Discovery of potential cholesterol esterase inhibitors using in silico docking studies

  • Thirumalaisamy Sivashanmugam Department of Pharmacology, College of Pharmacy, Sri Ramakrishna Institute of Paramedical Sciences, Coimbatore, Tamil Nadu, India
  • Soundararajan Muthukrishnan Department of Pharmacology, Sankaralingam Bhuvaneshwari College of Pharmacy, Sivakasi, Tamil Nadu, India.
  • Muthuswamy Umamaheswari Department of Pharmacology, College of Pharmacy, Sri Ramakrishna Institute of Paramedical Sciences, Coimbatore, Tamil Nadu, India
  • Kuppusamy Asokkumar Department of Pharmacology, College of Pharmacy, Sri Ramakrishna Institute of Paramedical Sciences, Coimbatore, Tamil Nadu, India
  • Varadharajan Subhadradevi Department of Pharmacology, College of Pharmacy, Sri Ramakrishna Institute of Paramedical Sciences, Coimbatore, Tamil Nadu, India
  • Puliyath Jagannath Department of Pharmacology, College of Pharmacy, Sri Ramakrishna Institute of Paramedical Sciences, Coimbatore, Tamil Nadu, India
  • Arumugam Madeswaran 1Department of Pharmacology, College of Pharmacy, Sri Ramakrishna Institute of Paramedical Sciences, Coimbatore, Tamil Nadu, India
Keywords: Cholesterol Esterase, Flavonoids, Binding energy, Inhibition constant, Dockingstudies, AutoDock Tools
DOI: 10.3329/bjp.v8i3.14521

Abstract

New drug discovery is considered broadly in terms of two kinds of investigational activities such as exploration and exploitation.

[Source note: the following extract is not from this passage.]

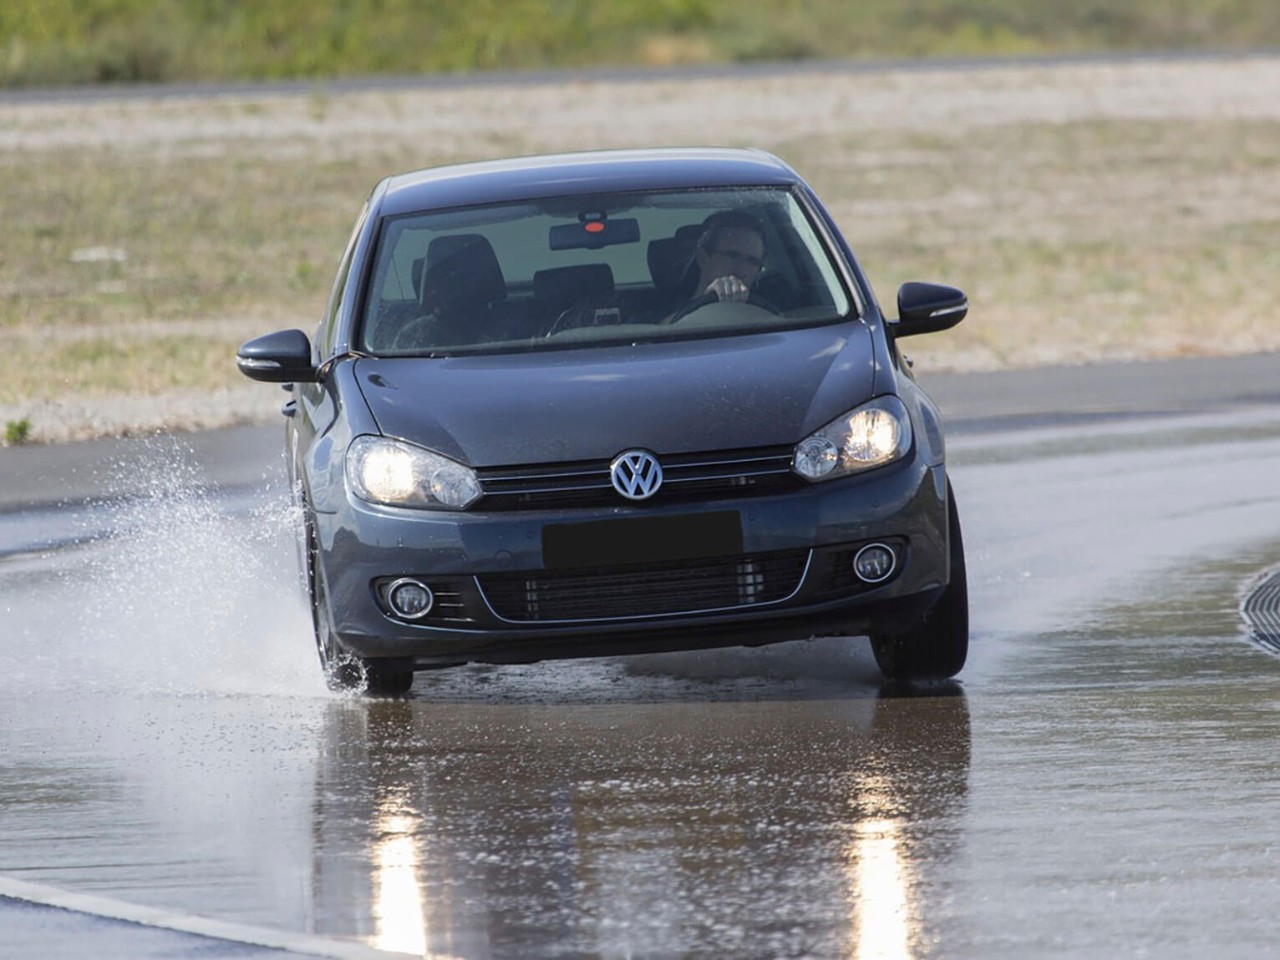 VW car, Dunlop Tyres on wet track

This study deals with the evaluation of the cholesterol esterase inhibitory activity of flavonoids apigenin, biochanin, curcumin, diosmetin, epipervilline, glycitein, okanin, rhamnazin and tangeritin using in silico docking studies. In silico docking studies were carried out using AutoDock 4.2, based on the Lamarckian genetic algorithm principle. The results showed that all the selected flavonoids showed binding energy ranging between -7.1 kcal/mol to -5.6 kcal/mol when compared with that of the standard compound gallic acid (-4.1 kcal/mol). Intermolecular energy (-9.1 kcal/mol to -7.1 kcal/mol) and inhibition constant (6.5 µM to 73.2 µM) of the ligands also coincide with the binding energy. All the selected flavonoids contributed cholesterol esterase inhibitory activity, these molecular docking analyses could lead to the further development of potent cholesterol esterase inhibitors for the treatment of obesity

Introduction

Obesity is becoming one of the greatest threats to global health in this millennium, with more than 1 billion overweight adults and of those, at least 300 million are clinically obese. The obesity market reached US$ 3.7 billion by 2008 and has been predicted to reach US$ 6.1 billion by 2015. The mushrooming market for these drugs and the vast sum of money at stake guarantee that research in this therapeutic area will not slow down within the predictable (Birari and Bhutani, 2007). Obesity is resulting from an energy imbalance caused by increased ratio of caloric intake to energy expenditure and the excess body fats thus formed are stored in body. Obesity is also known to be risk factor for the development of metabolic disorders, dyslipidemia and atherosclerosis and type-2 diabetes. In recent years, there has been a great increase in the use of herbal medicines for the treatment of obesity (Ramgopal et al., 2010). Overweight and obesity are the fifth leading risk for global deaths. At least 2.8 million adults die each year as a result of being overweight or obese (Barness et al., 2007)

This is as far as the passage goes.